[[ Source data open ]]

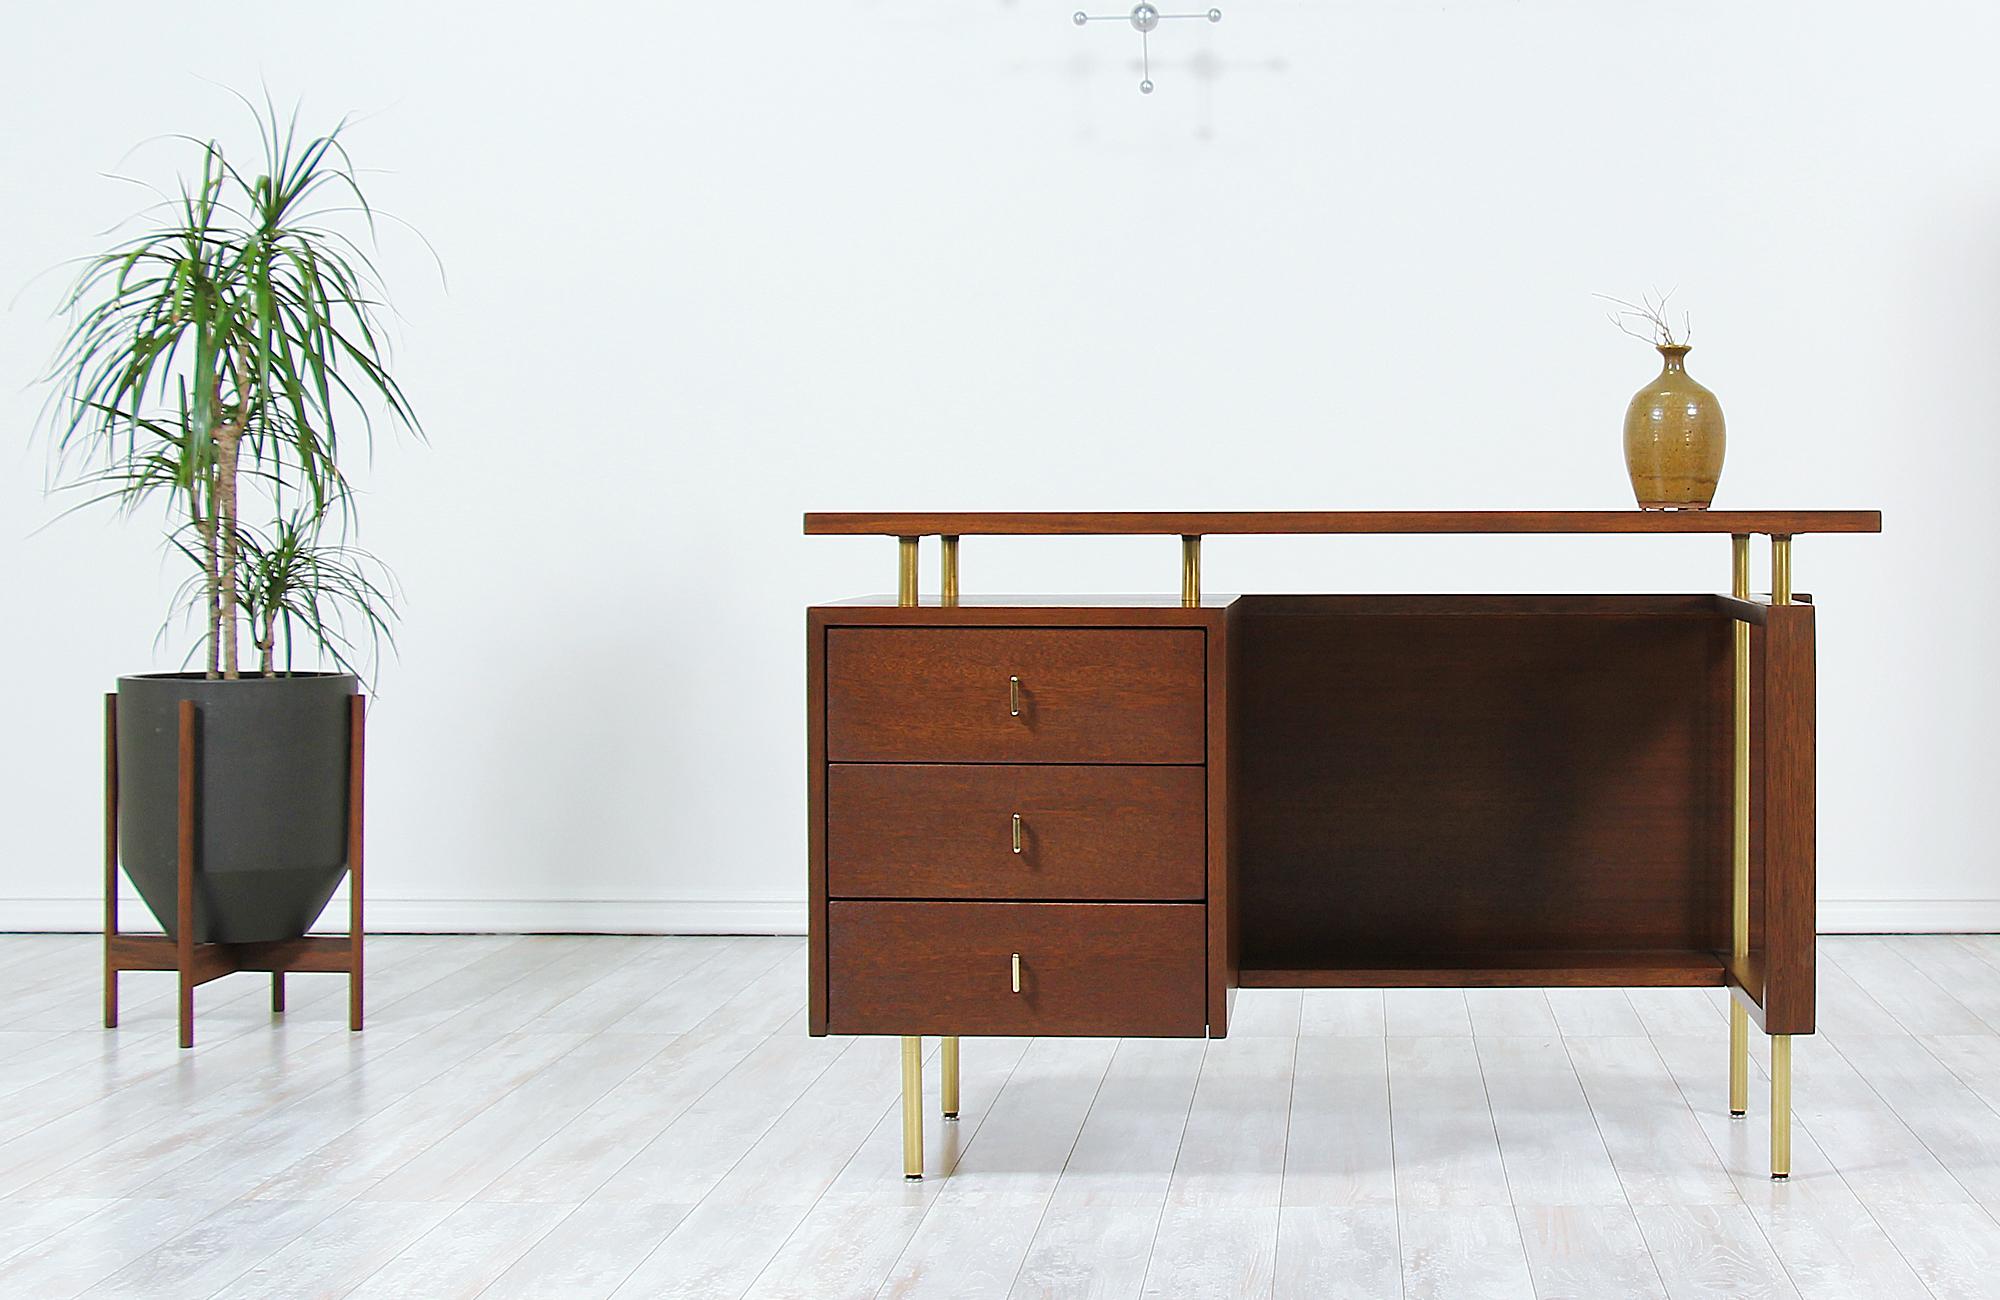 Stylish modern desk designed by John Keal for Brown Saltman in the United States circa 1950s. This exceptionally crafted desk features mahogany that has been stained in a warm walnut tone. The caned back adds an attractive element, allowing it to be
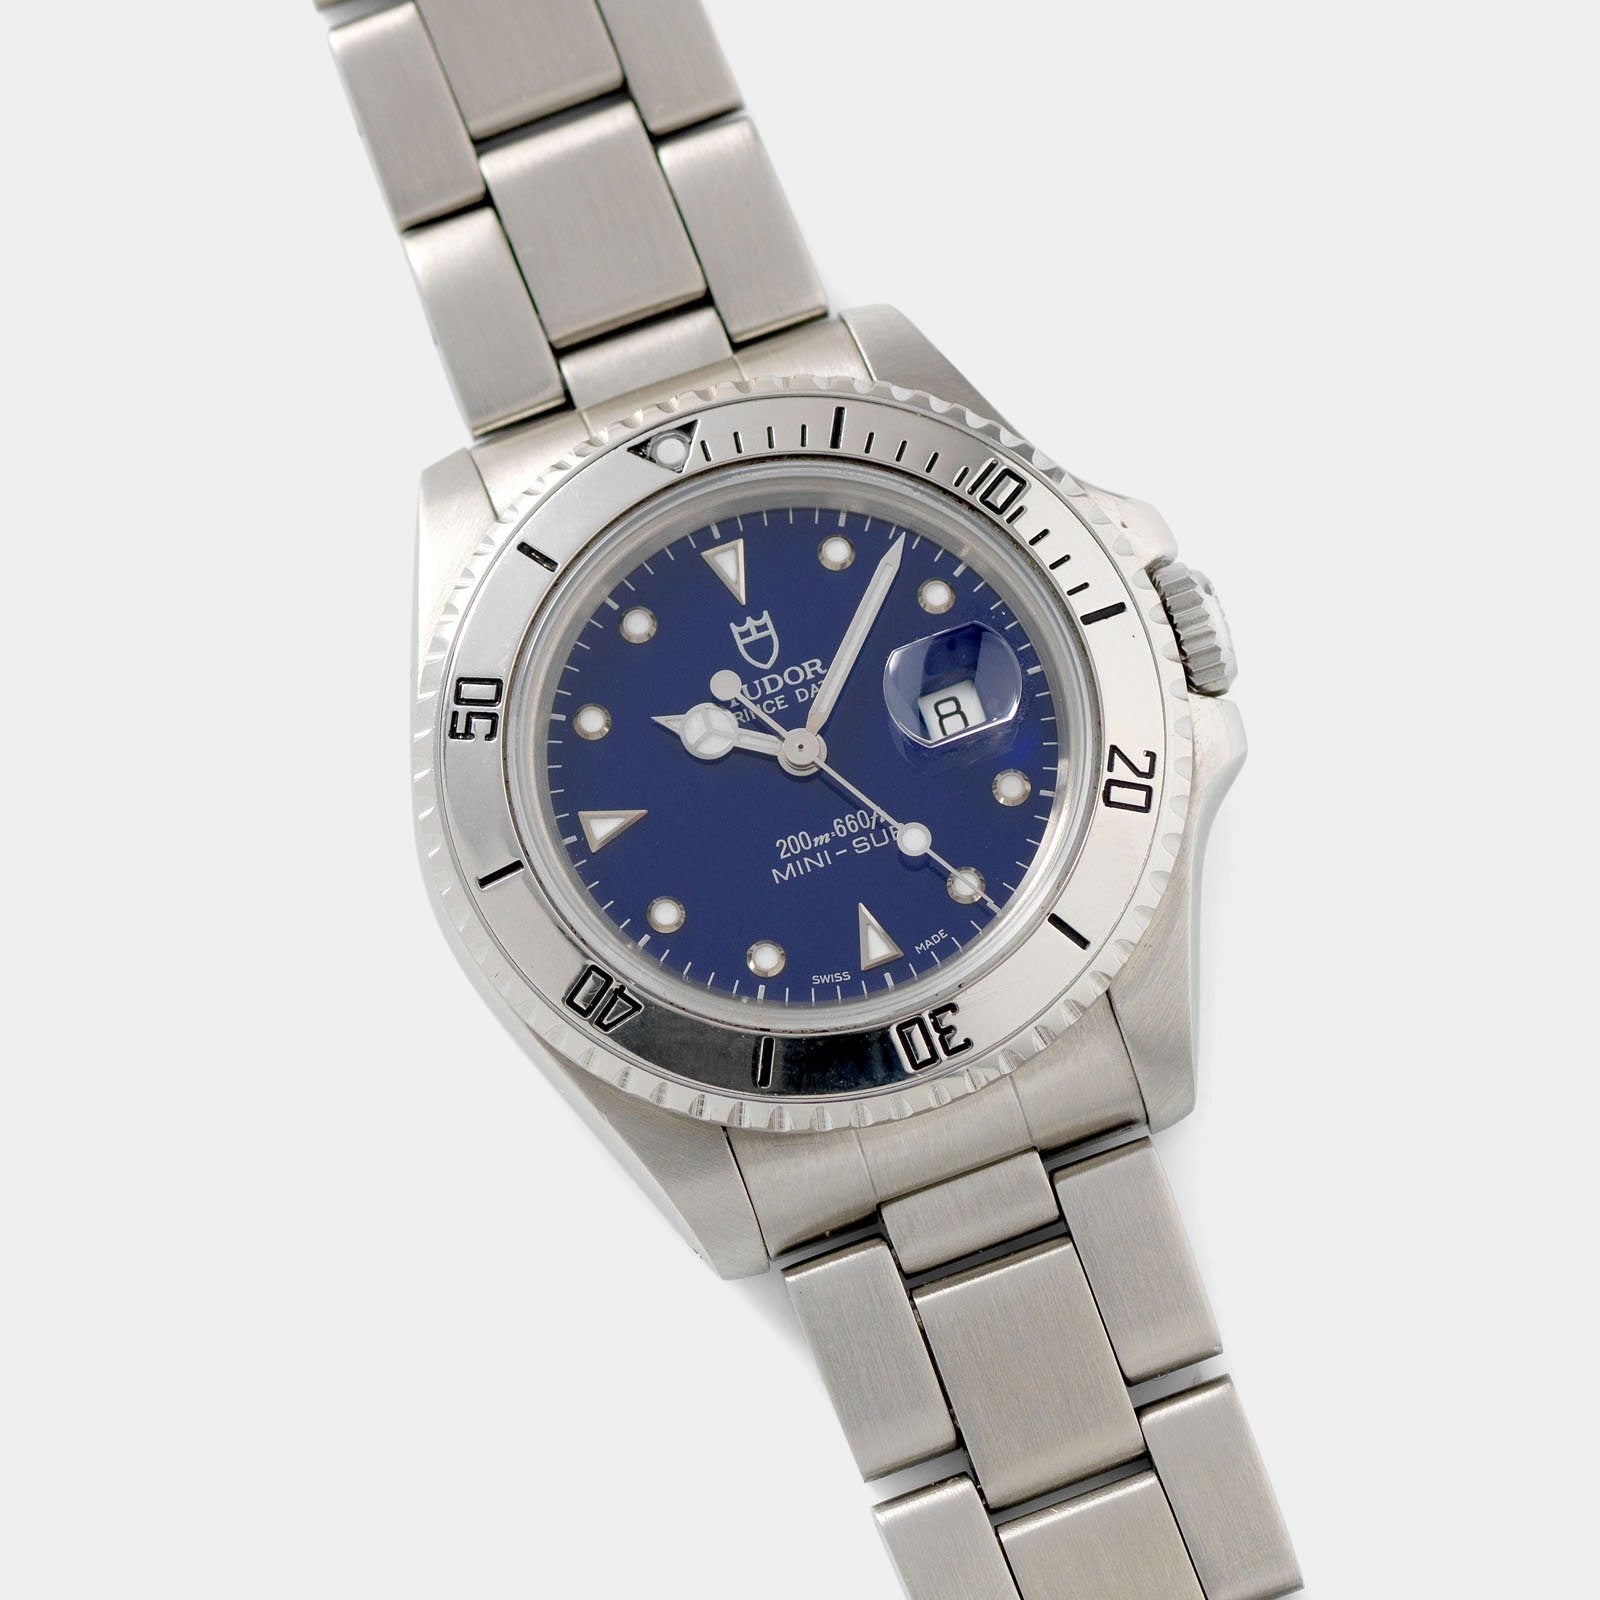 Tudor Submariner Prince Date Gloss Blue Dial Reference 73190
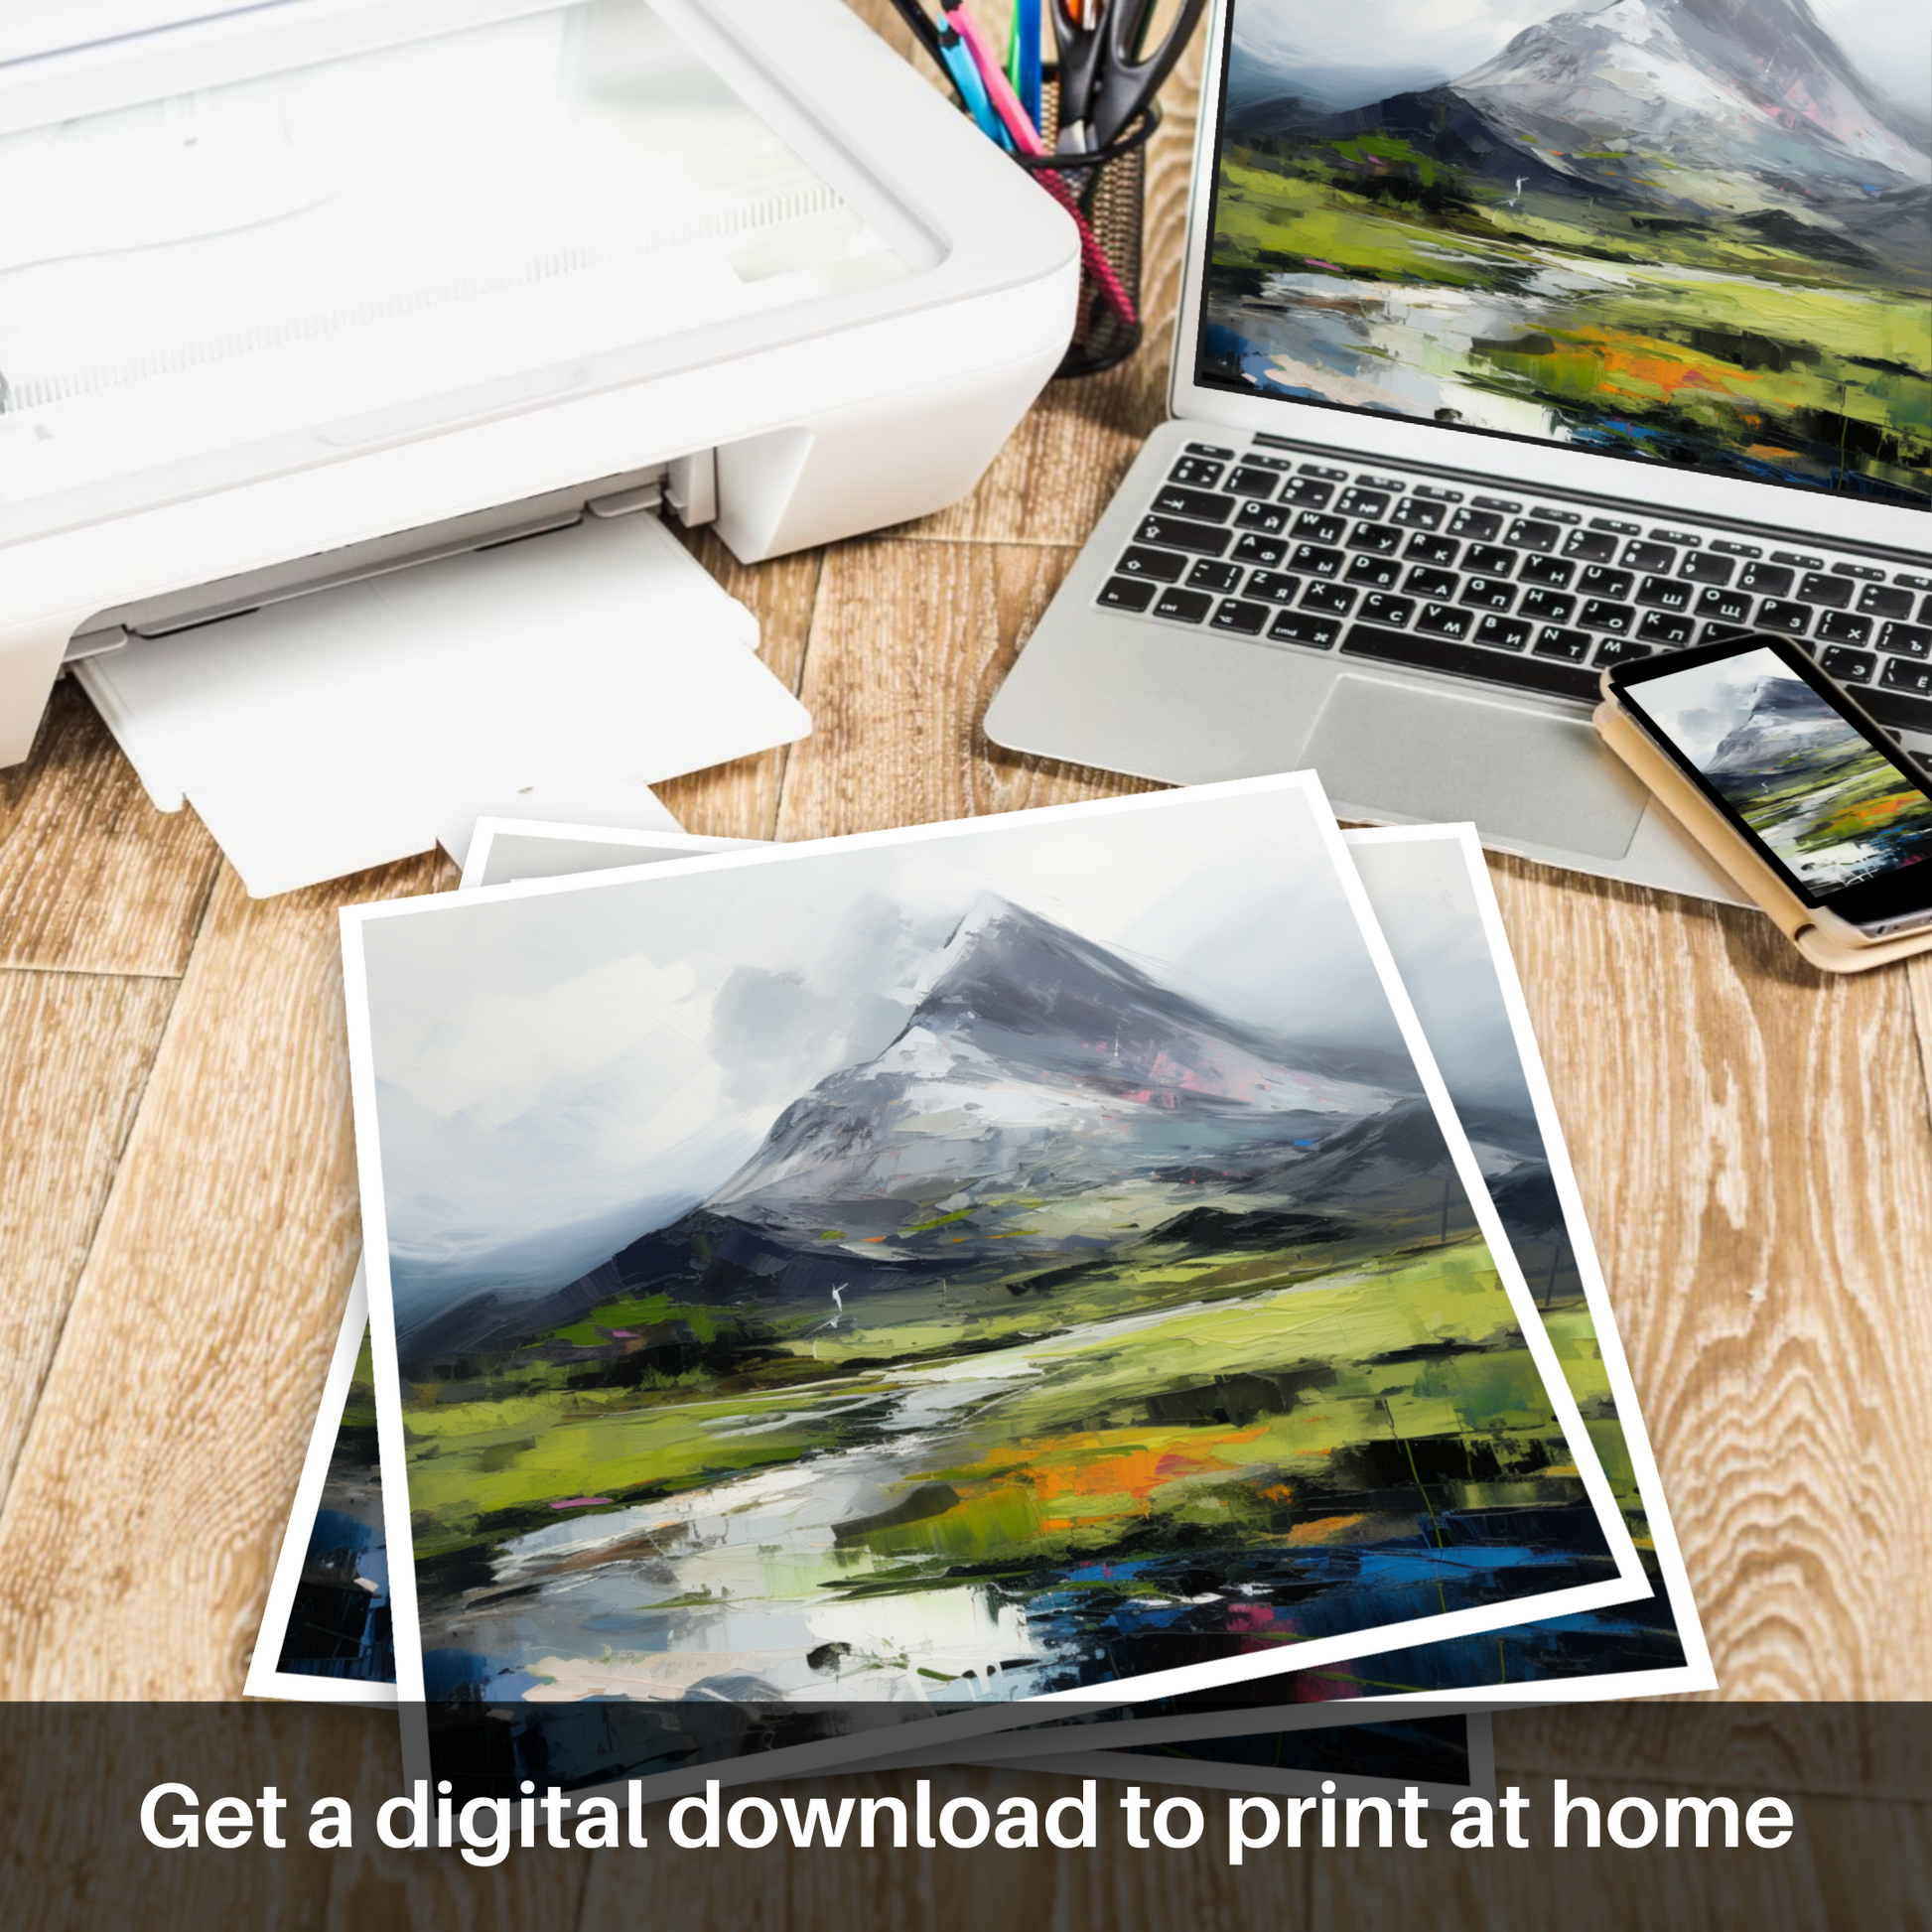 Downloadable and printable picture of Beinn Ghlas

[[ Source data closed ]]

[Required action]
Starting at the line that holds "Tudor Submariner Prince", reproduce each line through the last one of the listing, and nothing more; the pictures stay out.

[Answer section]
 Tudor Submariner Prince Date Gloss Blue Dial Reference 73190
 Downloadable and printable picture of Beinn Ghlas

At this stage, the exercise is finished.